Just what have we ever learnt from these monumental misadventures and colossal failures? Really what does it cost to win an Olympic medal? Nigeria should be winning them anyway. To start with, the events we usually enter and qualify for are straight forward and simple enough. I do not believe that you require the same effort and expense to deliver a medal in the sprints for example, as you do, say in synchronized swimming, sailing and equestrian. Nigeria has had the good experiences of the ’96 Games to build on and now instead of moving on, we have regressed so badly it’s an indictment on all One Hundred and Fifty million of us. Do we even as much as realize that excellence in sports is a massive diplomatic relations tool? That Nigeria can be remade in part through the instrumentality of sports? Why are we so blind to see that success at global events helps redeem our sullied image?

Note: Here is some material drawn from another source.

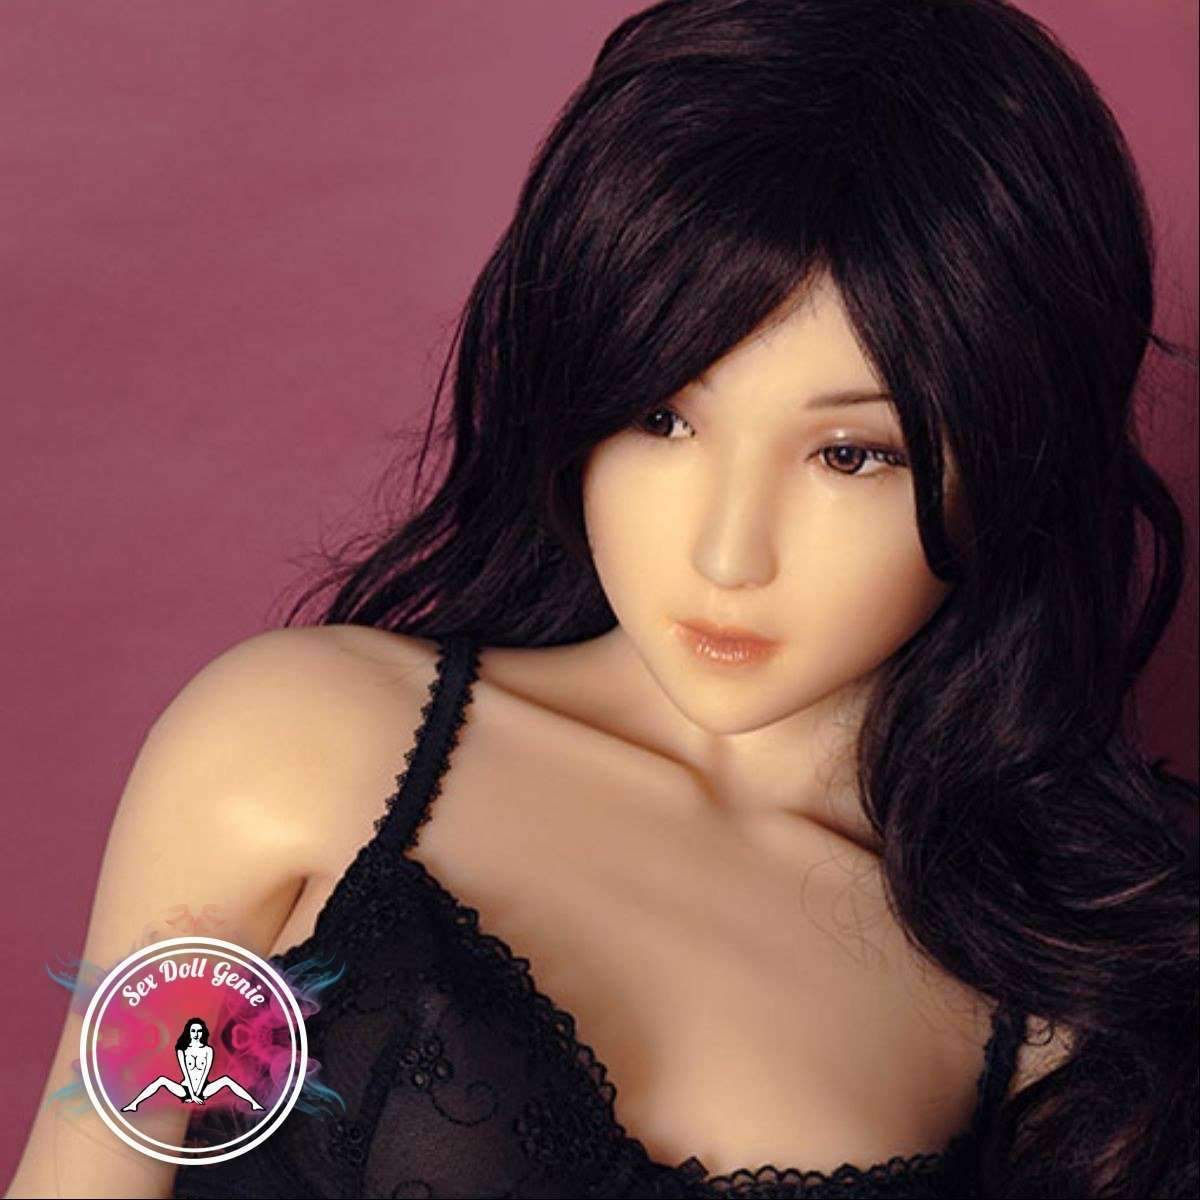 DS Doll - 163 - Emily Head - Type 1 D Cup Silicone Doll-10

Riches and population should mean more medals at any games. Nigeria has both commodities in abundance. Riches should ensure that you have enough money to invest in sports and population should ensure that you had a more reasonable chance of producing more and better athletes in selected and varied areas of priority. The statistics validates this, the United States has won 15% of all medals awarded at the Olympics, the Europeans 60% and the Chinese has since emerged a counter power to the United States at the Games. Former British Olympian, Adrian Morehouse said of China when the US team questioned the Chinese, Ye Shiwen’s feat in the 400m individual medley where she did not only win the Gold medal but also set a new world record and the 200m medley where she also won Gold medal thus: “there are a lot of people in China and actually the base of their pyramid is so wide that if they trained thousands and thousands of their kids they have got more to draw from”. It is a huge contradiction therefore that this has not clearly been the case for Nigeria. How on earth has a nation of One Hundred and Fifty million people won less than 20 medals in the history of the Olympic Games?

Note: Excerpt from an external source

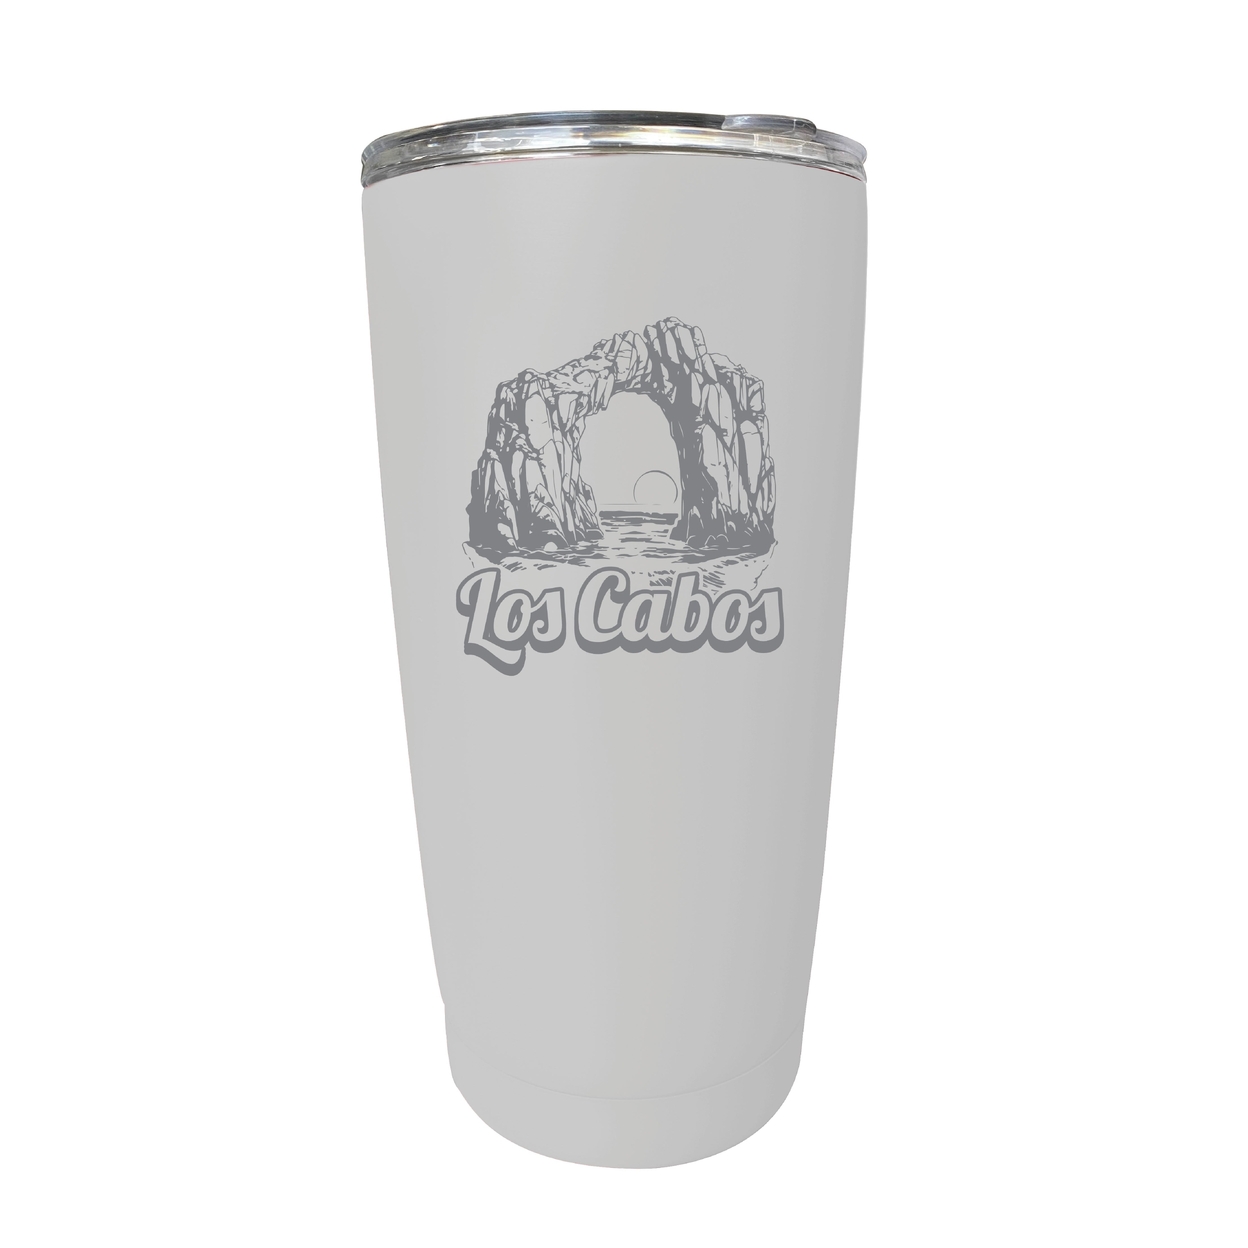 Los Cabos Mexico Souvenir 16 Oz Engraved Stainless Steel Insulated Tumbler - White,,4-Pack

Is our case beyond redemption? One is tempted to think so but I believe with the faintest hope that if we put our money where our mouths are, if we start doing the right thing this very moment, we may well reach the Promised Land one day. But even at that, our mouths had to be in the right places for this to happen.
I am always amazed at how we treat every problem as if it is rocket science and you need all the experts in the world to solve it. I do not even think rocket science is that formidable anymore giving that several nations have now acquired space technology!! There are worthy examples to follow, if you ask me. Many nations have been where we are now. At the beginning of this piece, I did mention that Nigeria won more Gold medals than Great Britain at the 1996 games. In London, Great Britain won 29 Gold medals, 17 Silver medals and 19 Bronze medals and took 3rd position. Never before have they done so well at the Olympics. From a lowly 1 Gold medal 16 years ago to an impressive haul of 29 Gold medals at the London games and our dear country, Nigeria with 2 Gold medals that fateful year of our Lord in 1996 won nothing in London.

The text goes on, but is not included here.